The redox flow cell according to embodiments of the present invention includes the separator plate.

The separator plate for a redox flow battery according to embodiments of the present invention has a plurality of inflow channels through which the electrolyte solution supplied to the electrodes flows, thereby uniformly and stably supplying the electrolyte solution to the electrodes. The electrolyte solution can be easily provided without widening the width of the inflow passage and a sagging phenomenon in which the electrode is bent into the flow passage can be prevented. The electrolytic solution can be easily provided without forming the depth of the inflow channel deeply, and the thickness of the separation plate on which the inflow channel is formed can be made thin, so that the manufacturing cost can be reduced. In addition, a plurality of outflow channels through which the electrolytic solution flows out can be formed, and the electrolytic solution can easily flow out.

1 is a redox flow cell according to an embodiment of the present invention.
2 is a cross-sectional view taken along line A-A 'of FIG.
3 is a redox flow cell according to another embodiment of the present invention.
4 is a redox flow cell according to another embodiment of the present invention.
5 is a cross-sectional view taken along line A-A 'of FIG.
6 to 8 are redox flow cells according to another embodiment of the present invention.

Hereinafter, the present invention will be described in detail with reference to examples. The objects, features and advantages of the present invention will be easily understood by the following embodiments. The present invention is not limited to the embodiments described herein, but may be embodied in other forms.
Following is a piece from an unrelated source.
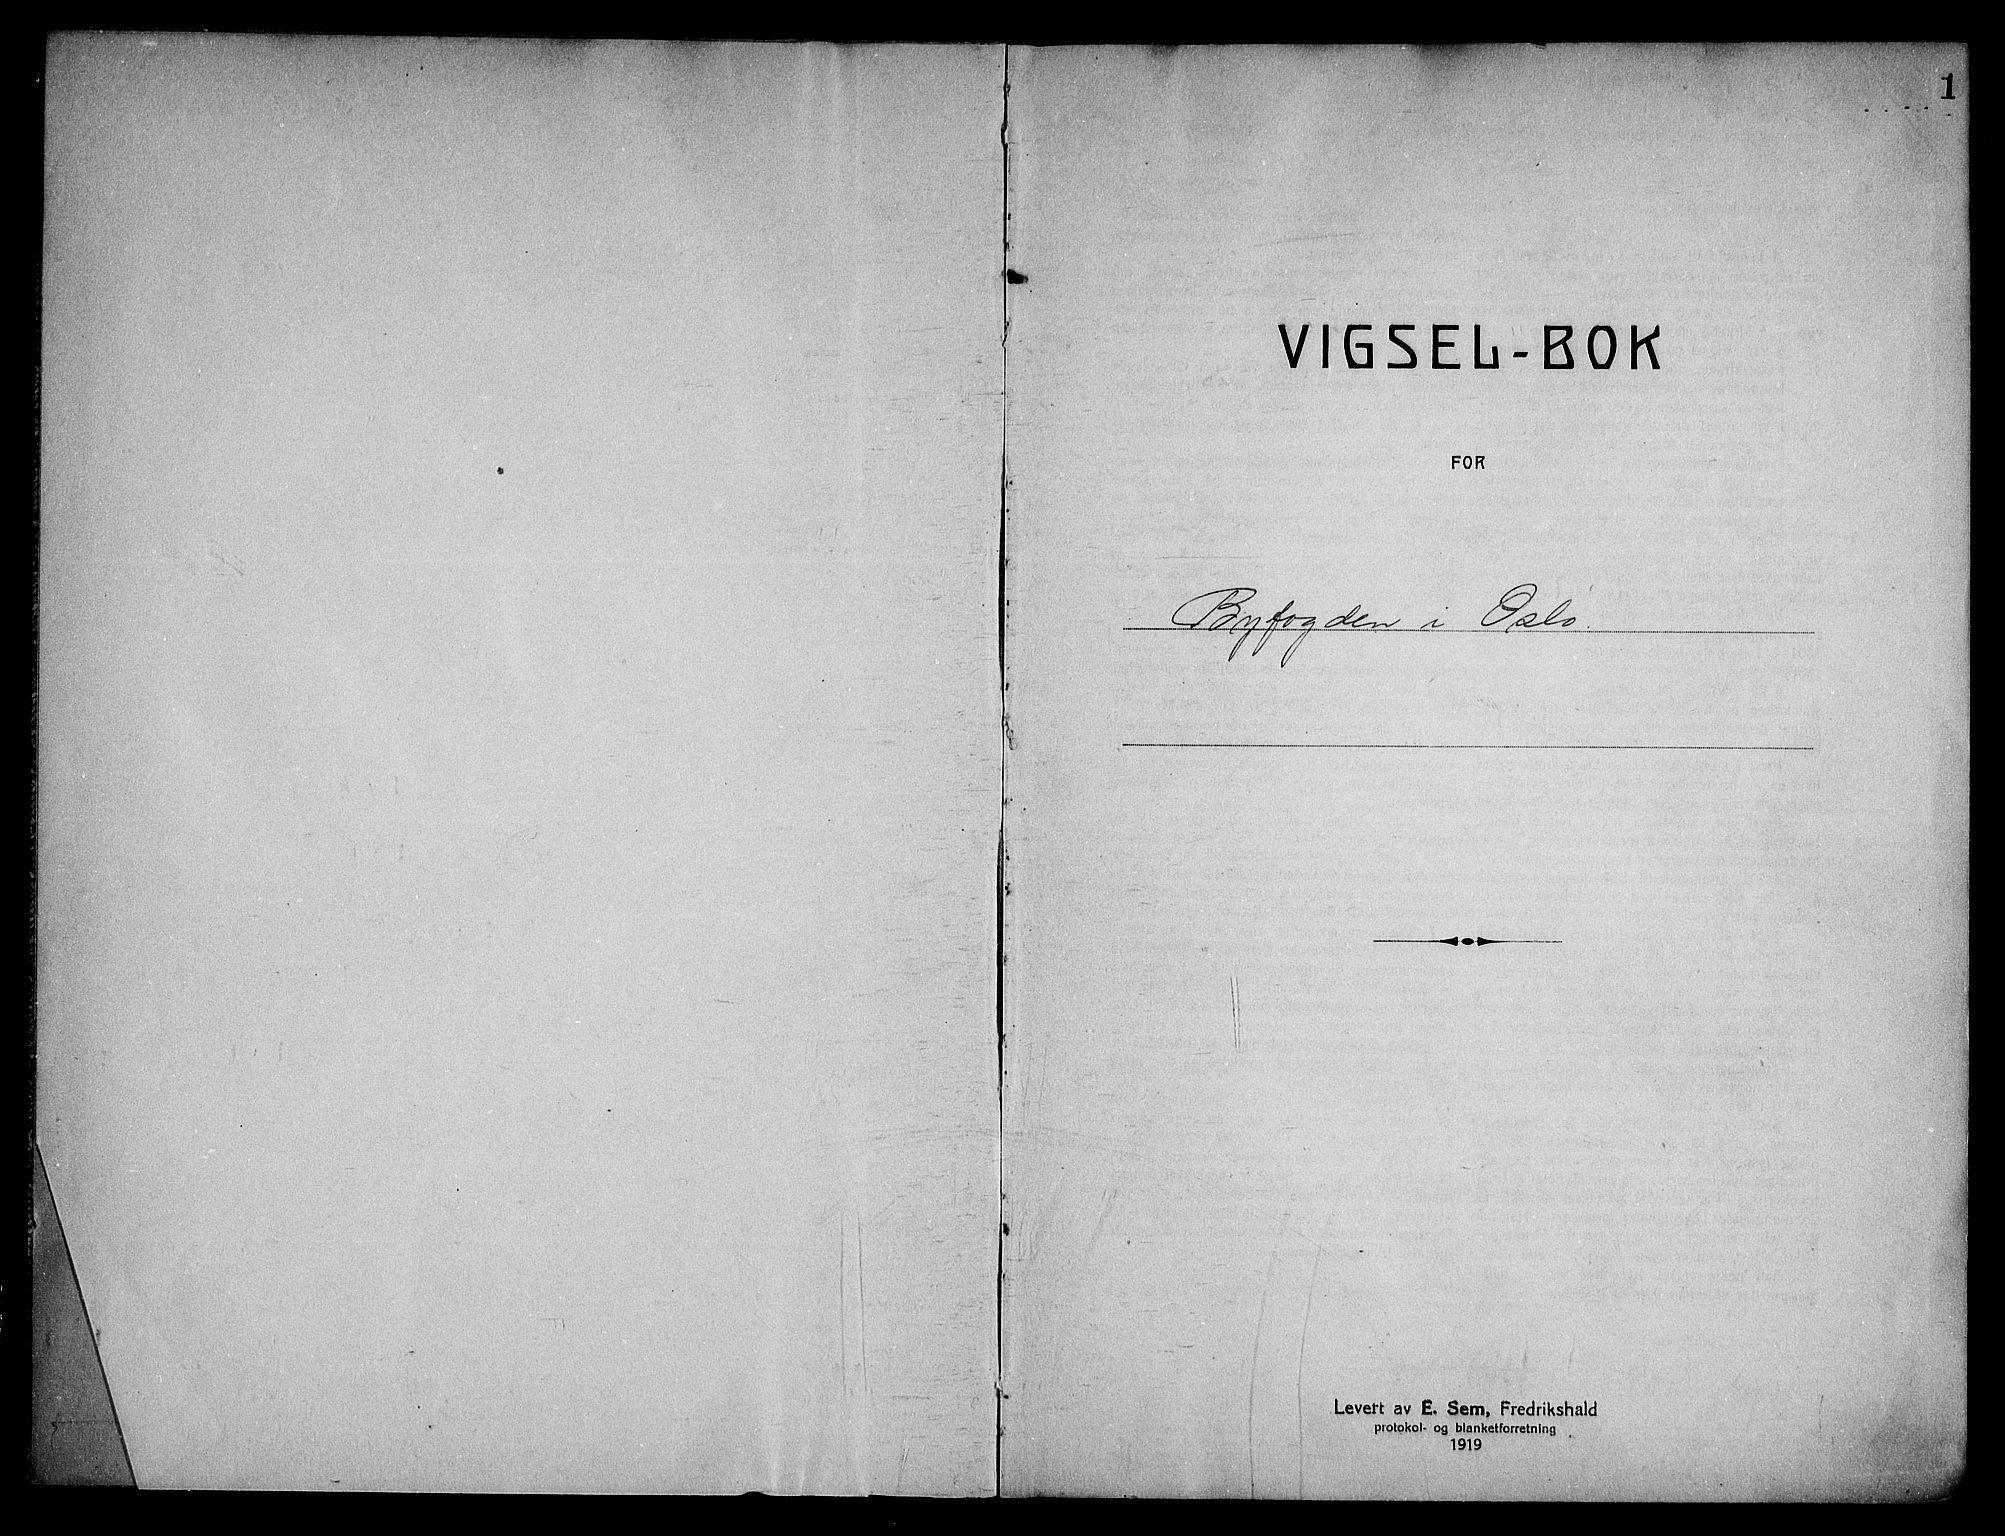 SAO, Oslo byfogd avd. I, L/Lb/Lbb/L0021: Notarialprotokoll, rekke II: Vigsler, 1930-1932, s. 1a

The embodiments disclosed herein are provided so that the disclosure may be thorough and complete, and that those skilled in the art will be able to convey the spirit of the invention to those skilled in the art. Therefore, the present invention should not be limited by the following examples.

Although the terms first, second, etc. are used herein to describe various elements, the elements should not be limited by such terms. These terms are only used to distinguish the elements from each other. In addition, when an element is referred to as being on another element, it may be directly formed on the other element, or a third element may be interposed therebetween.

The sizes of the elements in the figures, or the relative sizes between the elements, may be exaggerated somewhat for a clearer understanding of the present invention. In addition, the shape of the elements shown in the drawings may be somewhat modified by variations in the manufacturing process or the like. Accordingly, the embodiments disclosed herein should not be construed as limited to the shapes shown in the drawings unless specifically stated, and should be understood to include some modifications.

FIG. 1 is a redox flow cell according to an embodiment of the present invention, and FIG. 2 is a sectional view taken along line A-A 'of FIG.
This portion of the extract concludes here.